Beleid gemeente Breda
De Structuurvisie Breda en het Stedelijk Waterplan 2019-2023 (Breda water bewust) vormen het beleidskader voor water op gemeentelijk niveau. Het beleid met betrekking tot de zorgplicht stedelijk afvalwater is vastgelegd in het Stedelijk Waterplan van de gemeente Breda. De zorgplichten hemel- en grondwater zijn in het door de gemeenteraad vastgestelde Hemel- en grondwaterbeleidsplan eerder uitgewerkt en in het Stedelijk Waterplan geïntegreerd.
Het hemel- en grondwaterbeleid zijn gericht op het nastreven van de oorspronkelijk natuurlijke situatie. Hiervoor gelden eisen ter voorkoming van (hemel- of grond)wateroverlast (veiligheidseisen) en eisen ter voorkoming van achteruitgang van het natuurlijk (hemel- of grond)watersysteem (duurzaamheidseisen). In alle gevallen geldt zuiveren waar het moet vanuit de gewenste waterkwaliteit.
De gemeentelijke ambitie bij herstructurering is het verwerken van kleine buien op een zo natuurlijk mogelijke wijze. Uitgangspunt van dit beleid is dat het systeem duurzaam, maar ook doelmatig wordt ingericht. Bij een toename aan verharding dient op grond van gemeentelijk beleid 78 mm (78 liter per m²) te worden geborgen. Bij een duurzame en klimaatadaptieve invulling van het plan kan hiervan af worden geweken tot de minimale eis van 60 mm. Voor bestaande verharde oppervlakten wordt gerekend met een compensatie van 7 mm.
5.8.2 Huidige situatie
Algemeen
Het plangebied van Woonakker is onbebouwd en bestaat uit akkerland, weide en boomteelt. Al het regenwater infiltreert in de bodem. Overtollig water wordt afgevoerd via een A-watergang in het gebied.
Bodem en grondwater
Het plangebied maakt geen deel uit van een waterwingebied, maar bevindt zich wel grotendeels in het grondwaterbeschermingsgebied.
Waterkwantiteit
Het plangebied grenst aan een B-waterloop (OWL29264) in het noorden en westen. Ten westen van het plangebied bevindt zich de B-waterloop OWL29260. Ook bevindt zich de B-waterloop OWL29259 in het plangebied. De B-watergangen hebben volgens de keur geen beschermingszone. Voor het wijzigen van B-watergangen is volgens de keur een vergunning noodzakelijk.

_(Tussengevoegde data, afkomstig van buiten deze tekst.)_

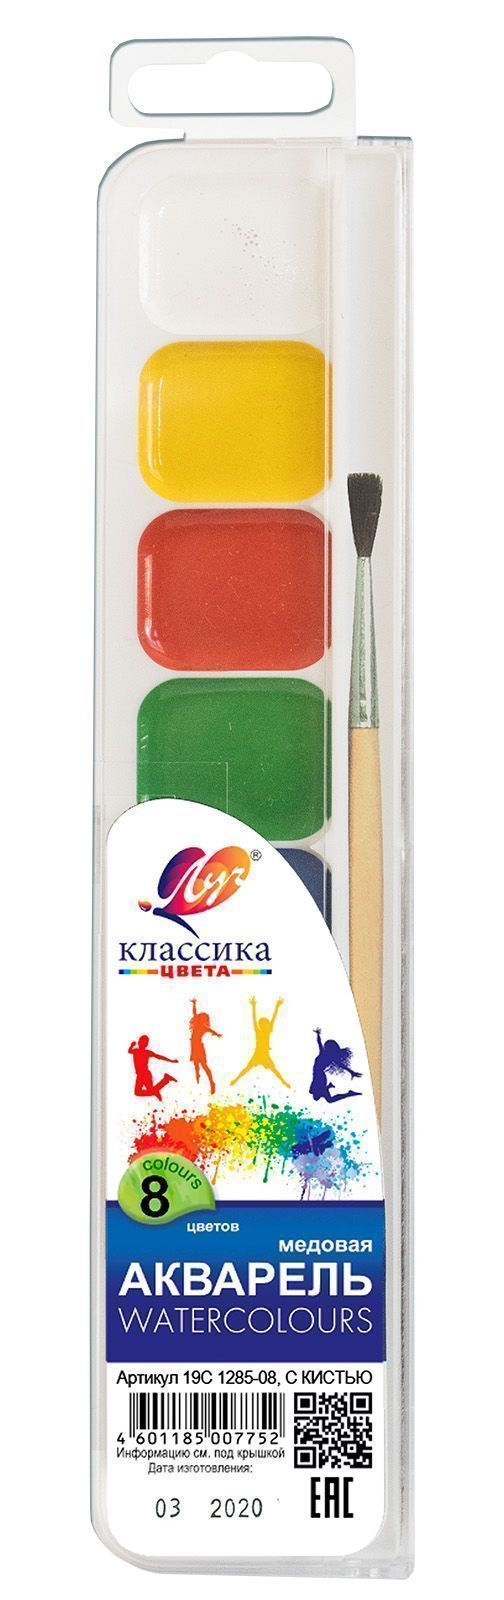 Акварель ЛУЧ КЛАССИКА 8 цветов, пластиковая упаковка, с кистью, европодвес

Door het plangebied loopt er een A-waterloop(OVK08766 van oost naar west. Dit A-water heeft als functie om het water wat uit oostelijke richting komt af te voeren. Langs dit A-water ligt aan beide zijden een beschermingszone van 5 meter (gemeten vanaf de insteek). Werkzaamheden binnen de beschermingszone zijn vergunningsplichtig. Het onderhoud aan dit A-water wordt uitgevoerd door het waterschap. Aan de westkant van het plangebied is deze watergang voorzien van een langs duiker. Het advies van het waterschap is om deze duiker te verwijderen of in te korten en een watergang terug te brengen omdat lange duikers onder andere (kunnen) zorgen voor opstuwing.
Figuur 5.5 Uitsnede legger Brabantse Delta (plangebied met rode contour aangeduid)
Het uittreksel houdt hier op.